SECONDA CONGREGAZIONE GENERALE

CITTA' DEL VATICANO, 11 OTT. 2010 (VIS). La Seconda Congregazione Generale dell’Assemblea Speciale per il Medio Oriente del Sinodo dei Vescovi ha avuto inizio nel pomeriggio di oggi alle 16:30 nell’Aula del Sinodo. Nel corso della sessione pomeridiana sono state presentate cinque relazioni per continente.

Presidente Delegato di turno è stato il Cardinale Leonardo Sandri, Prefetto della Congregazione per le Chiese Orientali. Alla sessione erano presenti 163 Padri Sinodali.

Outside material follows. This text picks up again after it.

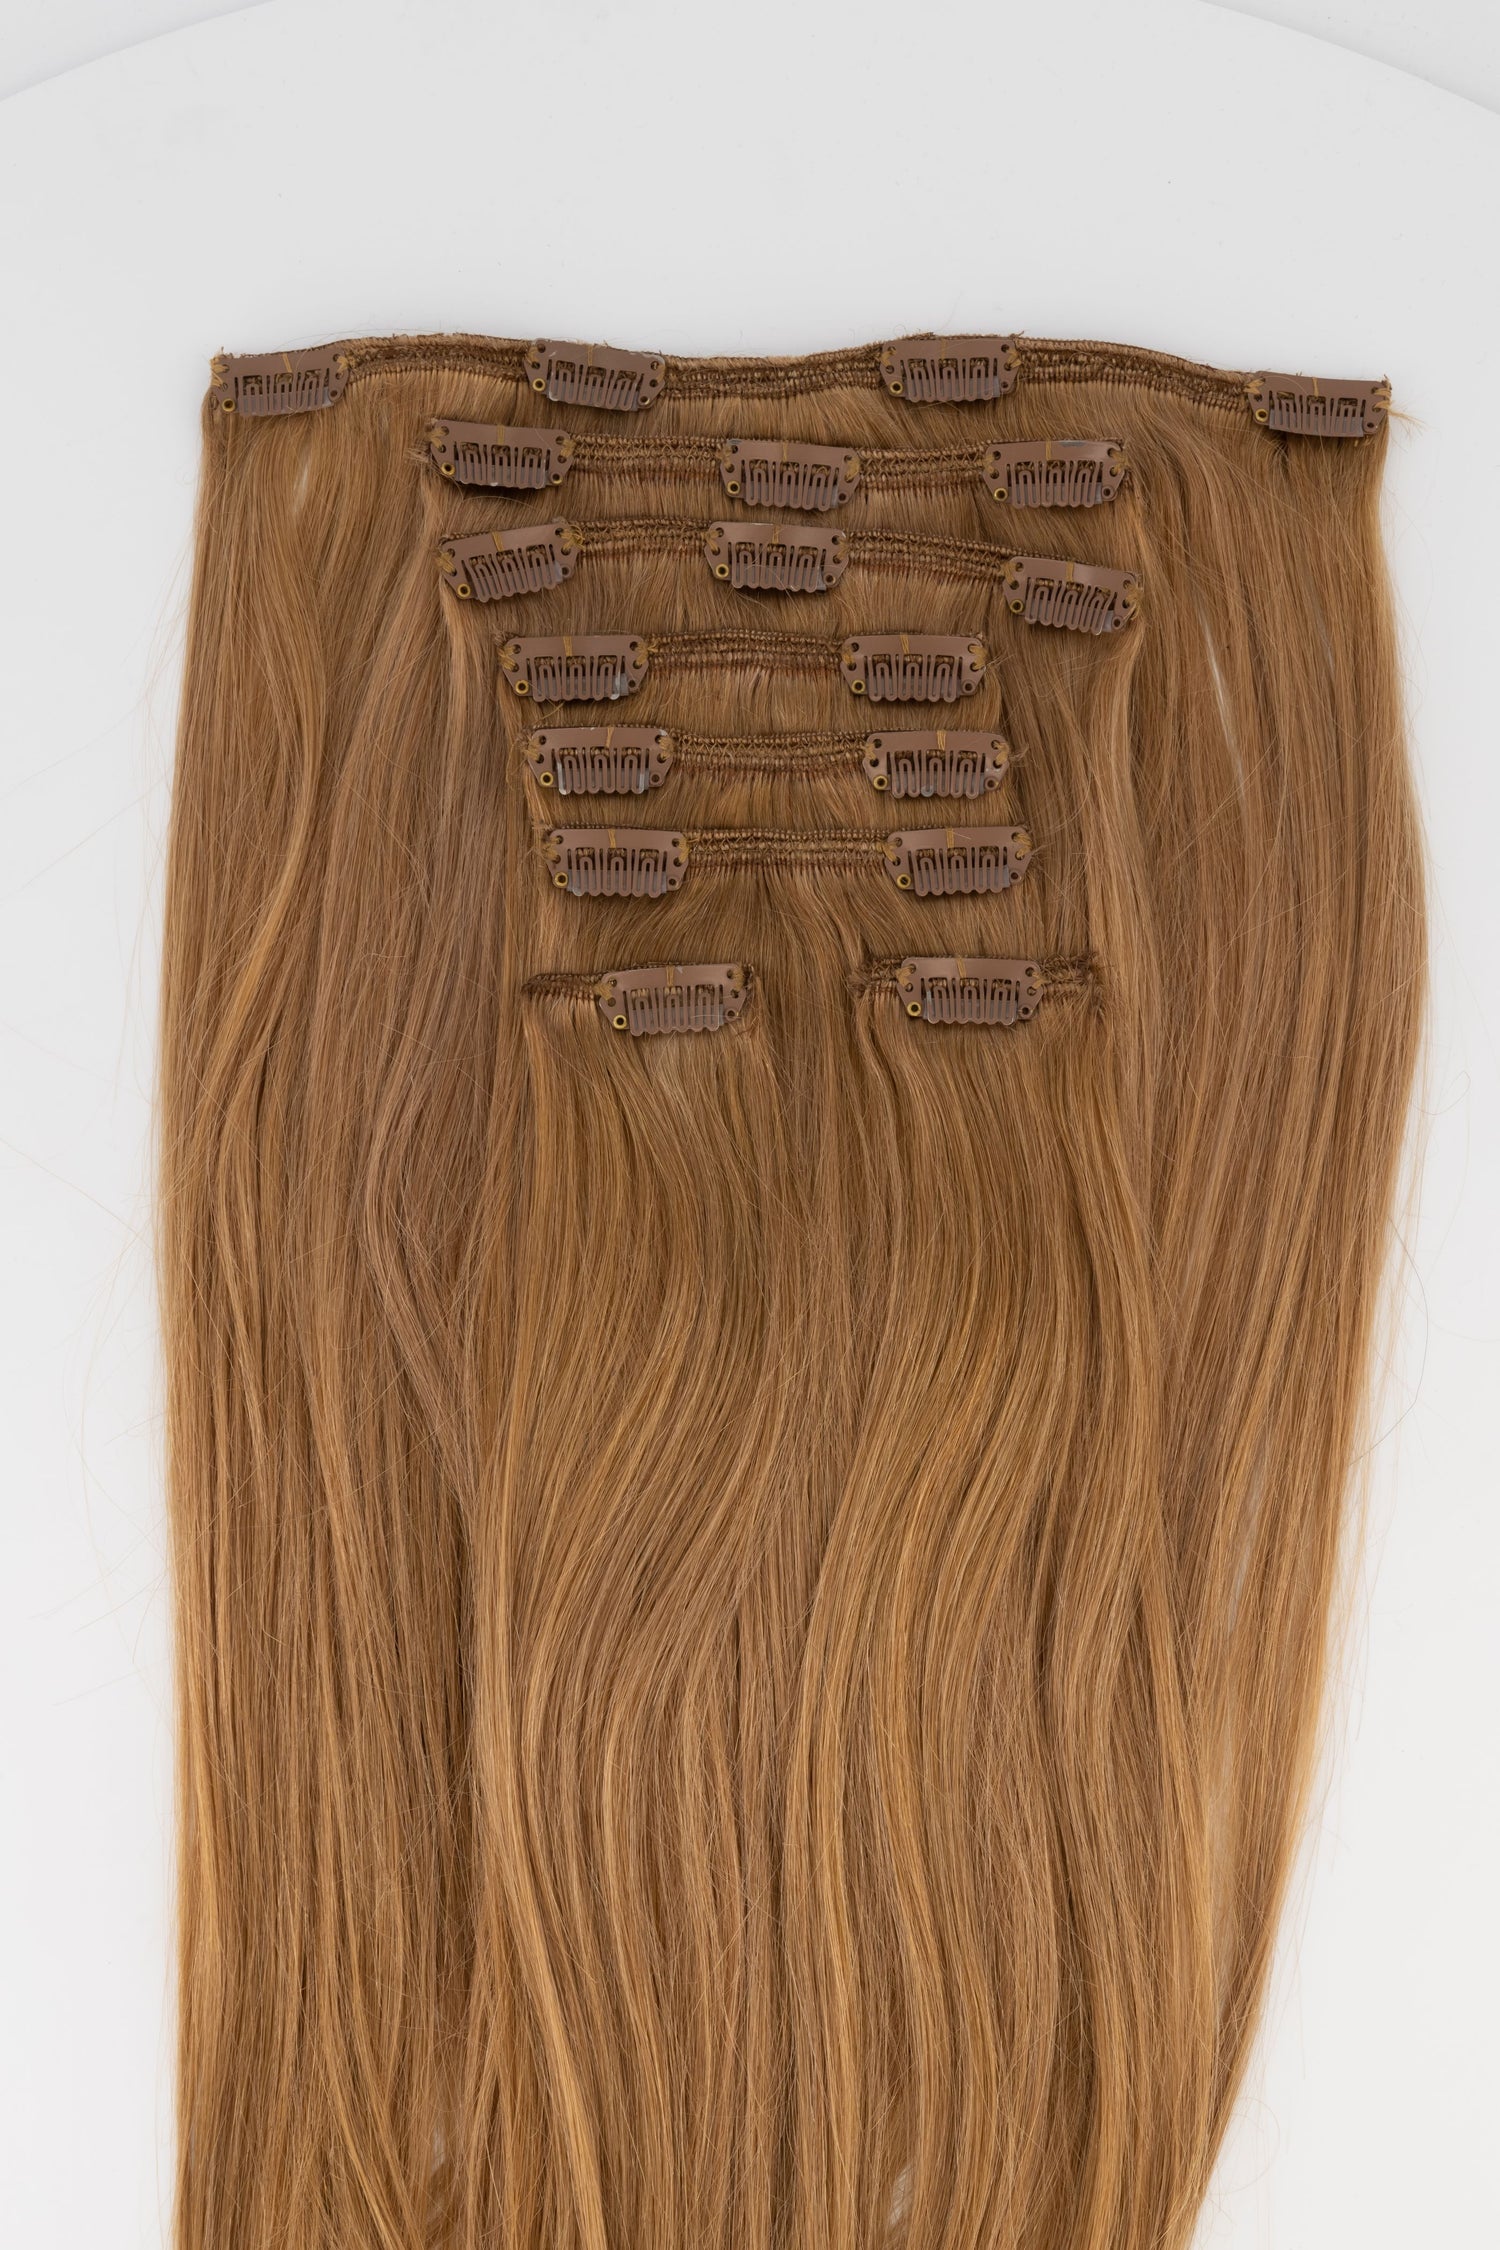 Frontrow clip-in hair extensions in toffee blonde
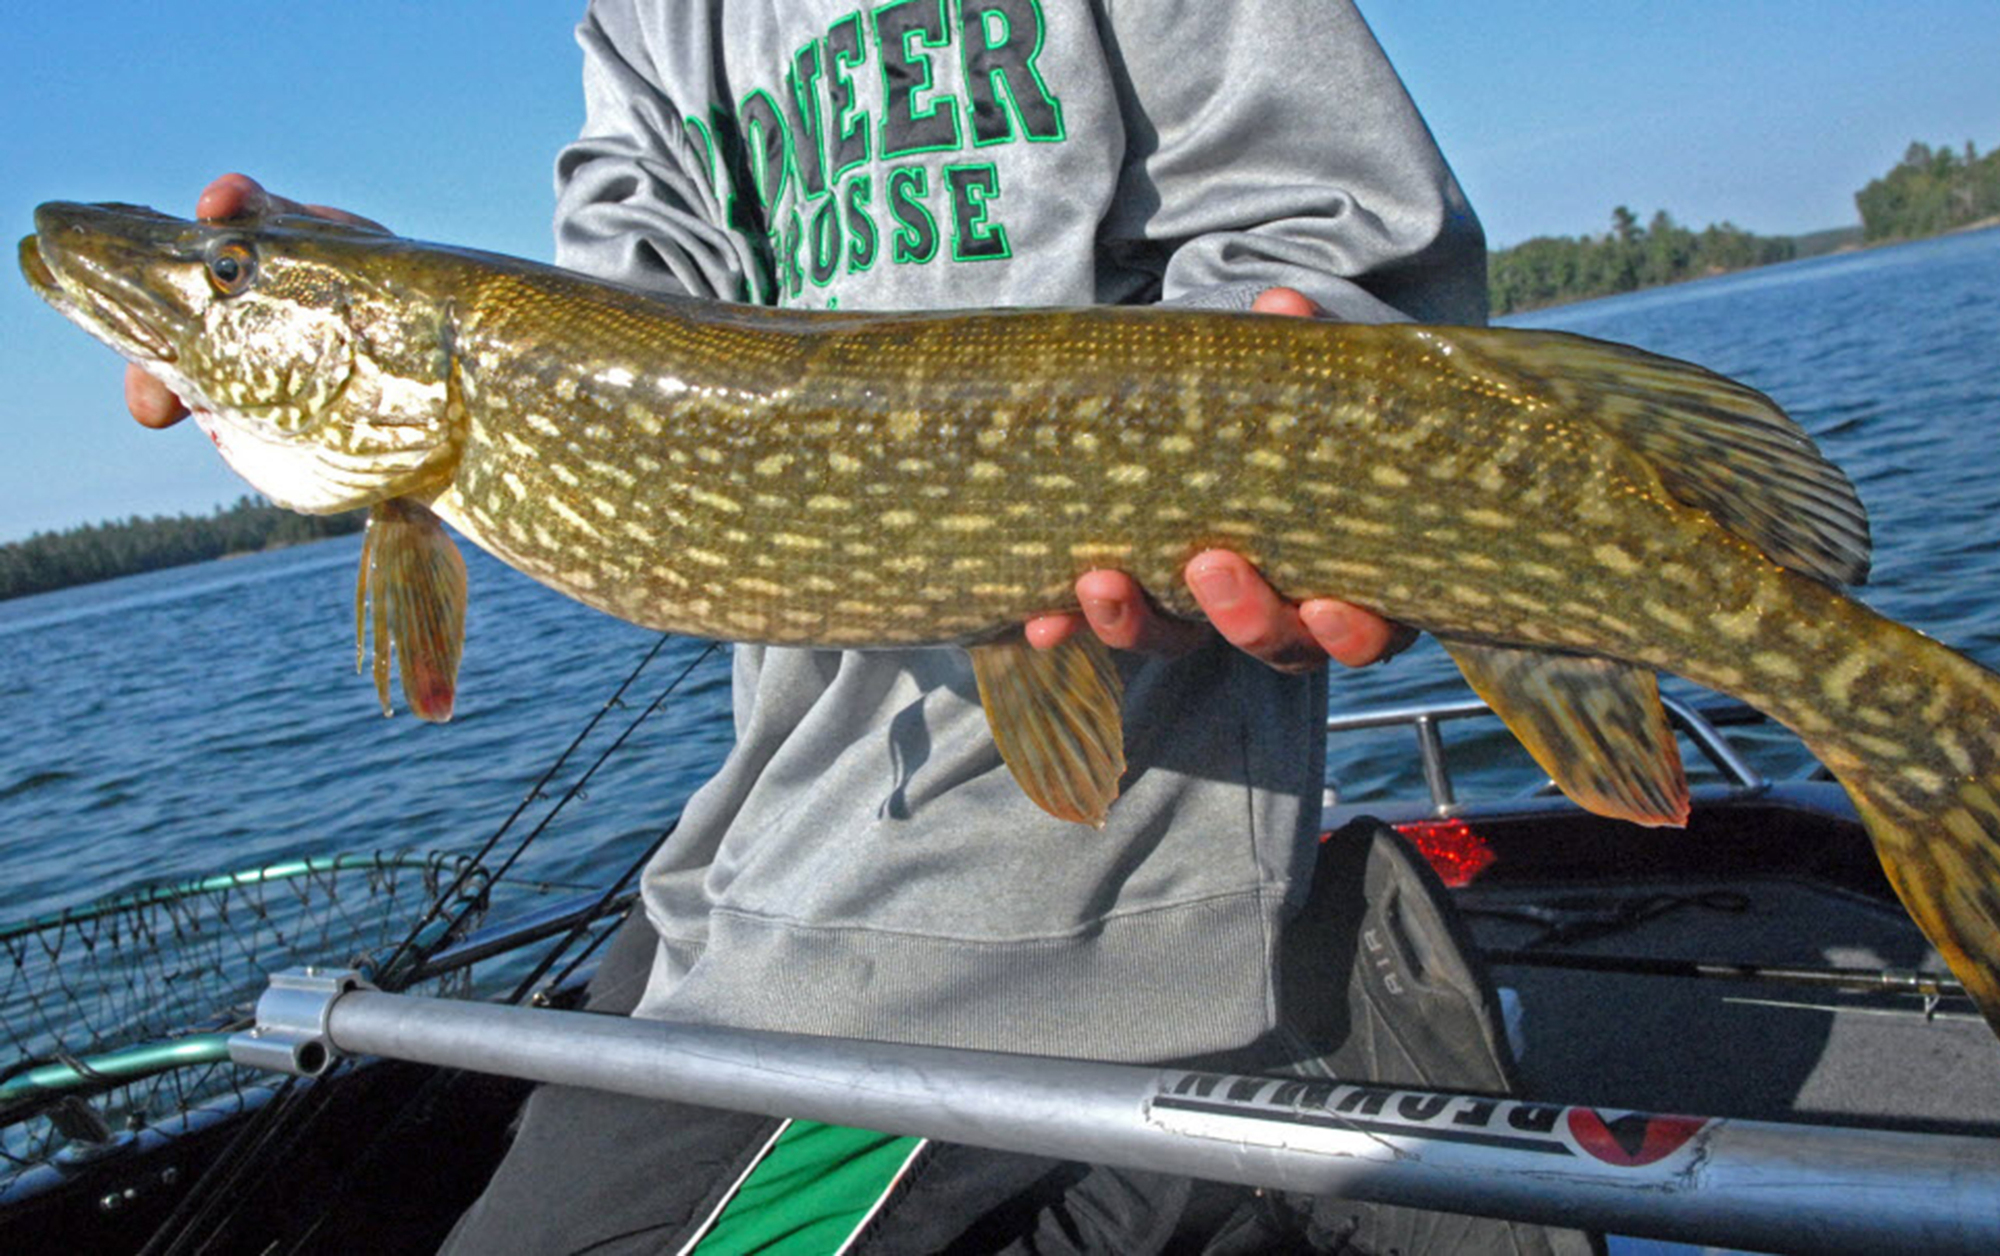 Why the zones? New regulations for keeping northern pike explained

AFRICA: CARDINALE. POLYCARP PENGO, ARCIVESCOVO DI DAR-ES-SALAAM, PRESIDENTE DEL "SYMPOSIUM OF EPISCOPAL CONFERENCES OF AFRICA AND MADAGASCAR" (S.E.C.A.M.) (TANZANIA). “Il Simposio delle Conferenze Episcopali dell’Africa e del Madagascar ha un legame intrinseco con la Chiesa in Medio Oriente, soprattutto grazie alla Chiesa in Egitto, che fa parte sia dell’Africa che del Medio Oriente. (...) I cristiani emigrano dal Medio Oriente a causa di quelle che possono essere considerate situazioni di oppressione contro la fede cristiana in alcuni paesi del Medio Oriente. (...) Oggi nessun cristiano della costa dell’Africa orientale avverte l’obbligo di nascondere la propria identità cristiana, nonostante il fatto che l’Islam continui a essere la religione della maggioranza della popolazione. E anche gli insediamenti cristiani separati non sono più necessari. (...) Una collaborazione più stretta tra la Chiesa sub-Sahariana e la Chiesa nel Nord Africa e nel Medio Oriente resta e resterà sempre di importanza fondamentale per la sopravvivenza del Cristianesimo in entrambi i luoghi. Il SECAM rappresenta un eccellente strumento per tale cooperazione”.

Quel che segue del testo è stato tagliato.